Простившись с братом, Клаас опять сел на своего осла, а Уленшпигеля посадил сзади. Когда они проезжали через главную площадь в Мейборге, он заметил, что собравшиеся там во множестве и стоявшие кучками богомольцы при виде их приходят в ярость и, размахивая посохами, восклицают: «У, негодник!» А все дело в том, что Уленшпигель, спустив штаны и задрав рубашонку, показывал им задний свой лик.
Видя, что богомольцы грозят его сыну, Клаас спросил его:
– За что это они на тебя сердятся?
– Я, батюшка, сижу себе на ослике да помалкиваю, а они ни с того ни с сего обзывают меня негодником, – отвечал Уленшпигель.
Клаас посадил его перед собой.
На новом месте Уленшпигель показал богомольцам язык – те завопили, замахали кулаками и, подняв свои неоструганные посохи, бросились бить Клааса и осла.
Но Клаас, дабы избежать расправы, вонзил пятки в бока ослу и, в то время как преследователи, пыхтя, мчались вдогонку, обратился к сыну:
– Видно, в недобрый час появился ты на свет. И то сказать: сидишь передо мной, никого не трогаешь, а они рады убить тебя на месте.
Уленшпигель смеялся.
Проезжая через Льеж[38], Клаас узнал, что бедные поречане умирали с голоду и что они подлежали юрисдикции официала[39], то есть суда духовных особ. Они подняли восстание и потребовали хлеба и светского суда. По милости монсеньора де ла Марка[40], сердобольного архиепископа, иных обезглавили, иных повесили, иных сослали в изгнание.

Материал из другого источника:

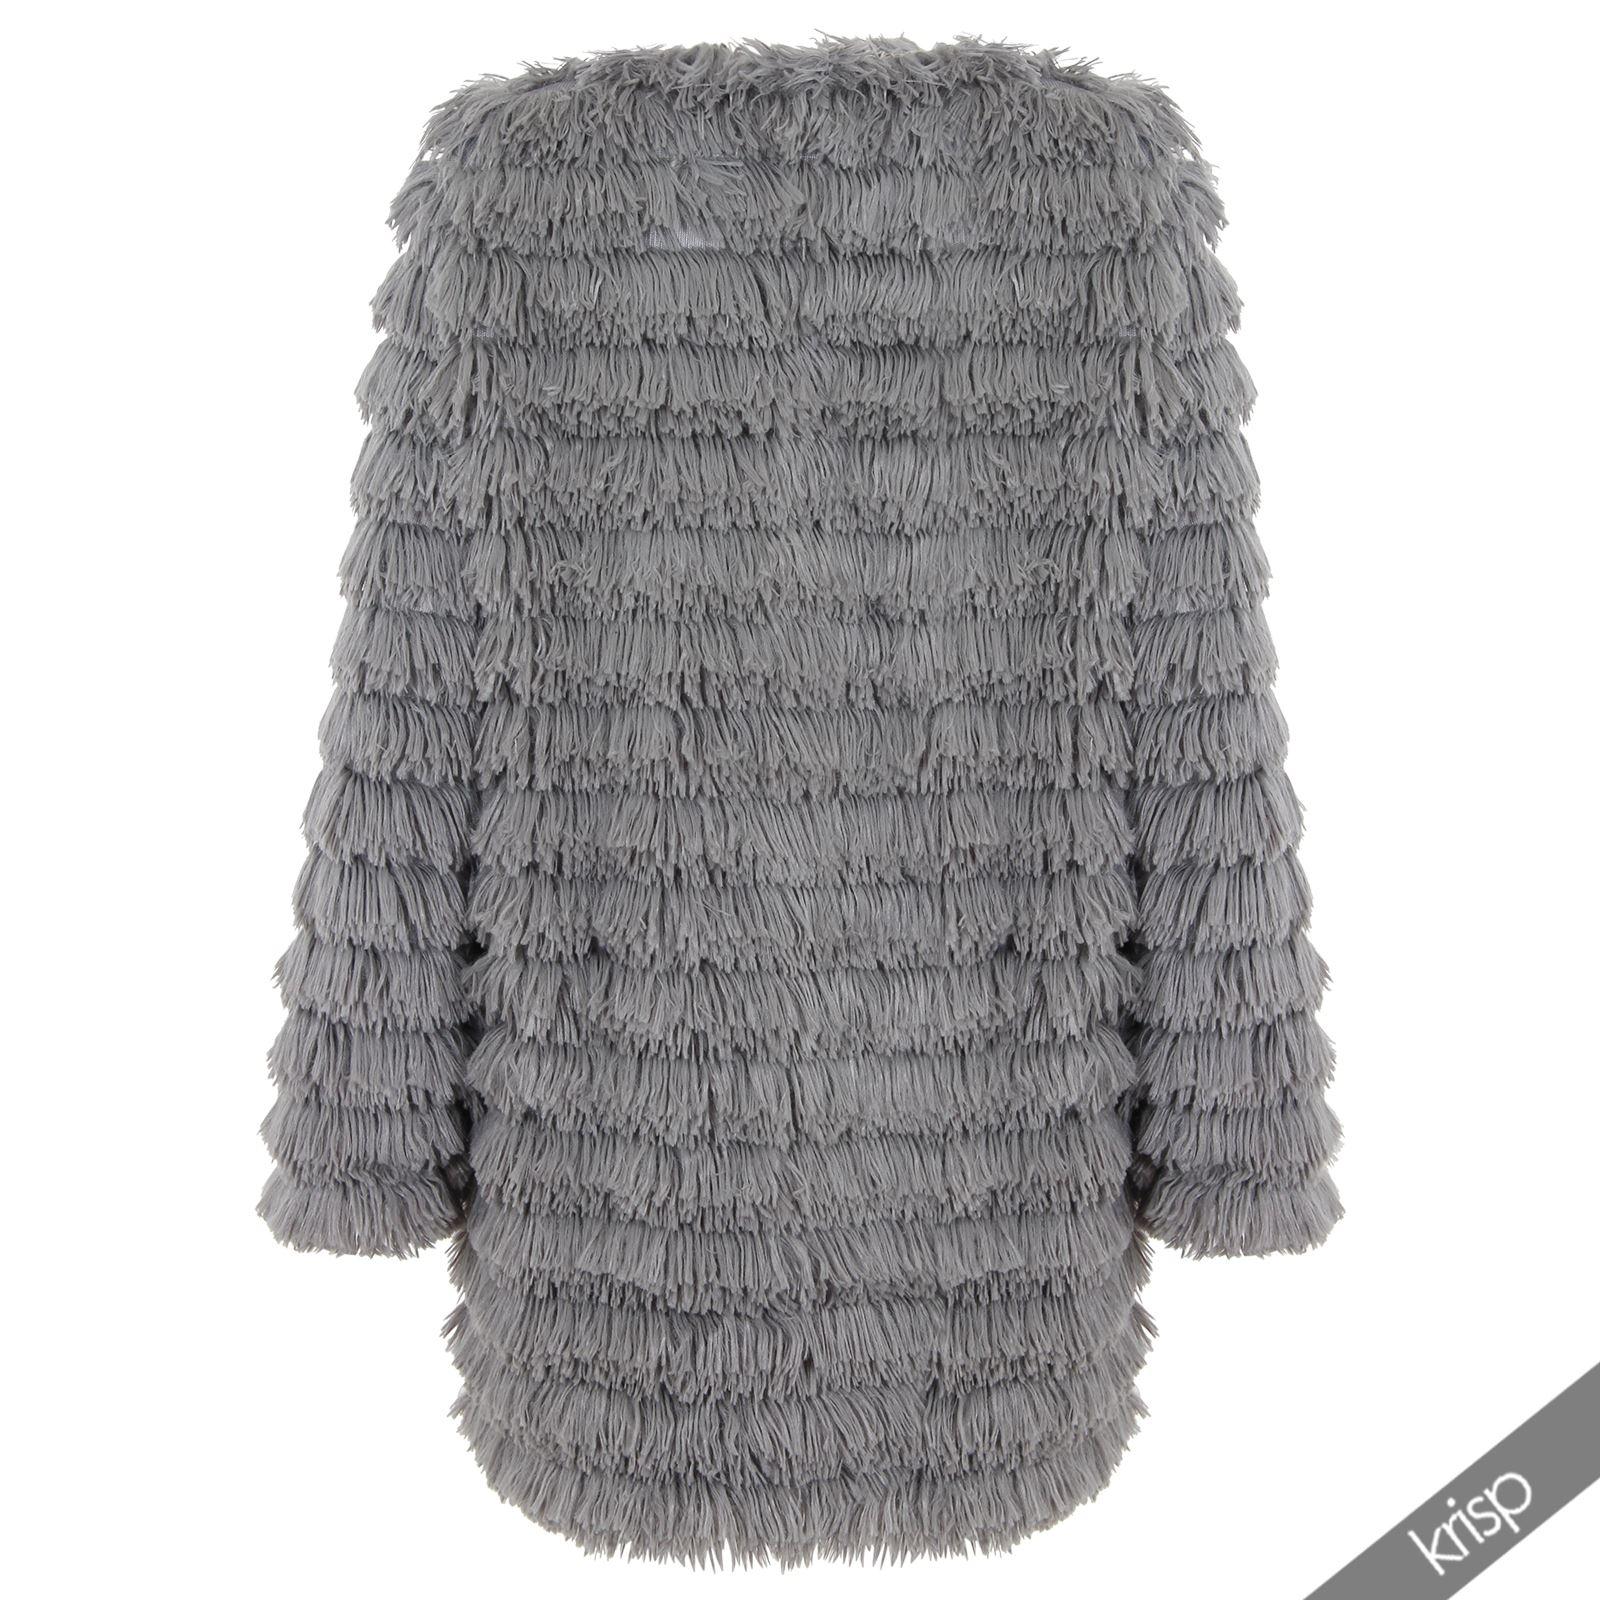 Womens Boho Long Shaggy Soft Faux Fur Knitted Jacket Coat ...

Клаасу попадались на дороге изгнанники, бежавшие из тихой льежской долины, а неподалеку от города он увидел на деревьях трупы людей, повешенных за то, что им хотелось есть. И он плакал над ними.

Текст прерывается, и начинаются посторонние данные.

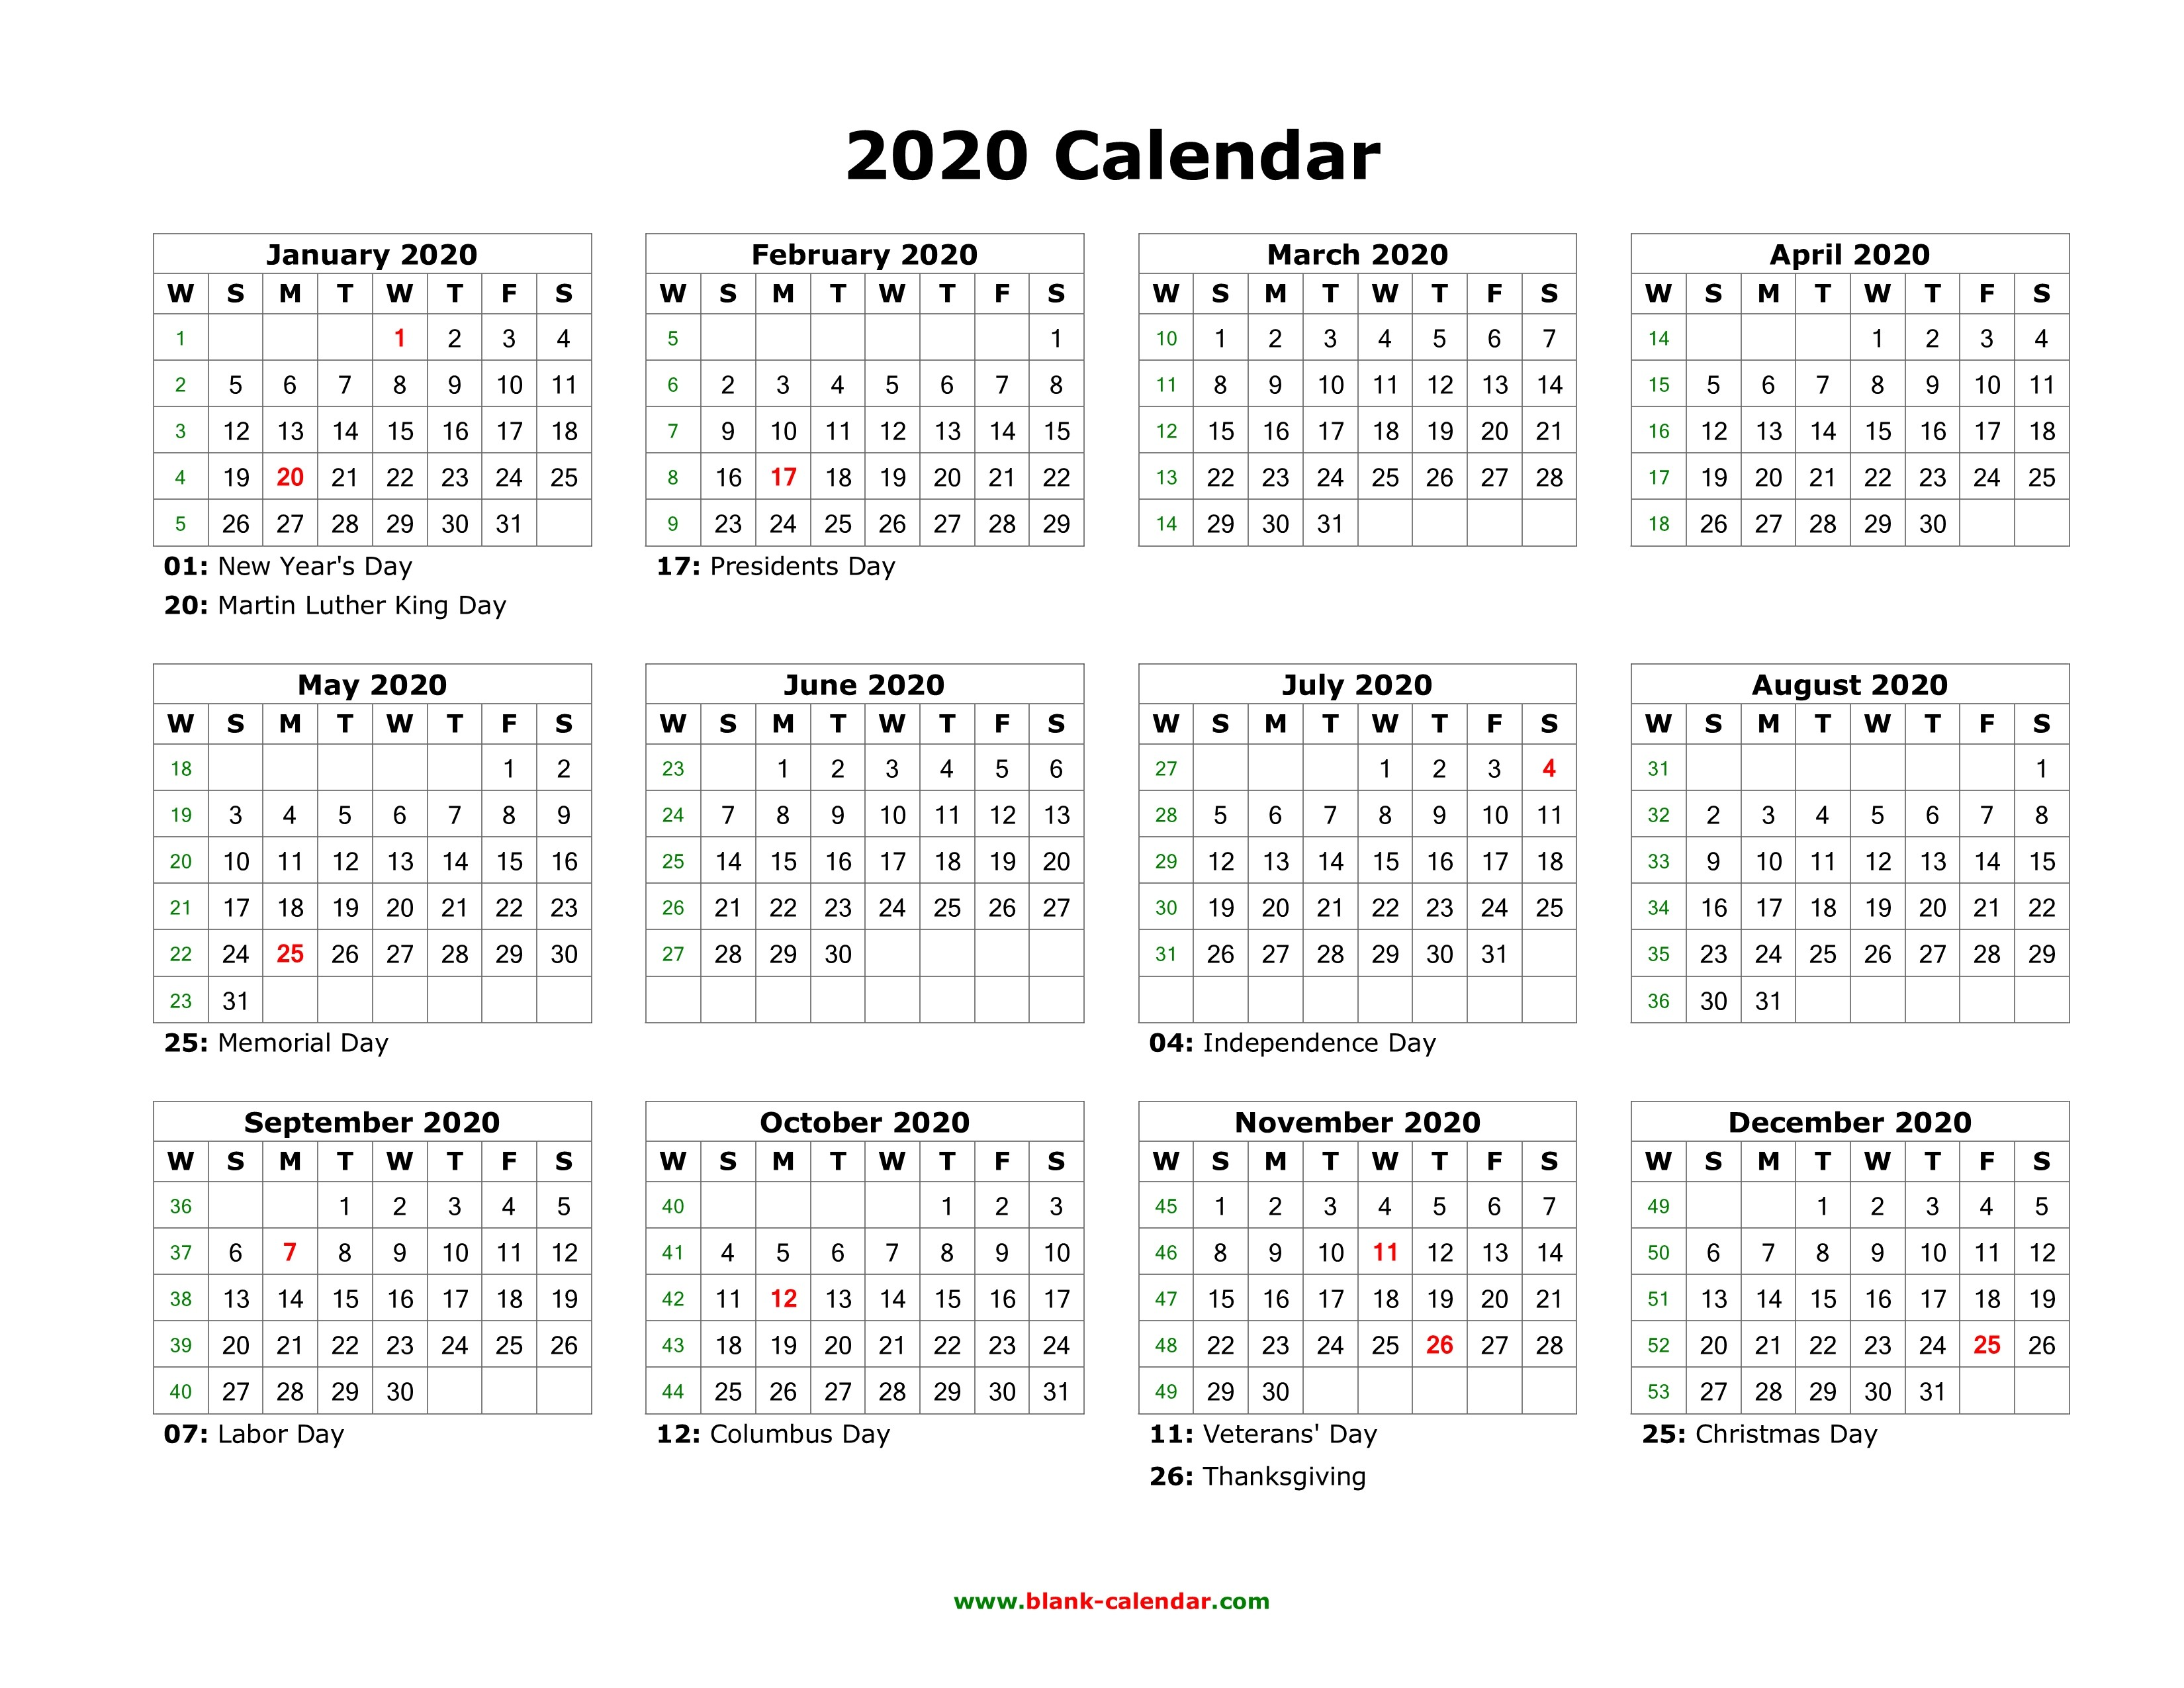 2020 Blank Monthly Calendar Printable Blank Calendar 2020

Клаас привез домой от брата Иоста полный мешок денег да красивую кружку английского олова, и теперь в его доме и в праздники и в будни пир шел горой, ибо мясо и бобы у него не переводились.
Клаас частенько наливал в большую оловянную кружку dobbelkuyt’a и осушал ее до капельки.
Уленшпигель ел за троих и копался в блюдах, как воробей в куче зерна.
– Того и гляди, солонку съест, – заметил однажды Клаас.
– Если солонки сделаны, как у нас, из хлебной корки, то время от времени их надо съедать, иначе в них черви заведутся, – отвечал Уленшпигель.
– Зачем ты вытираешь жирные руки о штаны? – спросила Сооткин.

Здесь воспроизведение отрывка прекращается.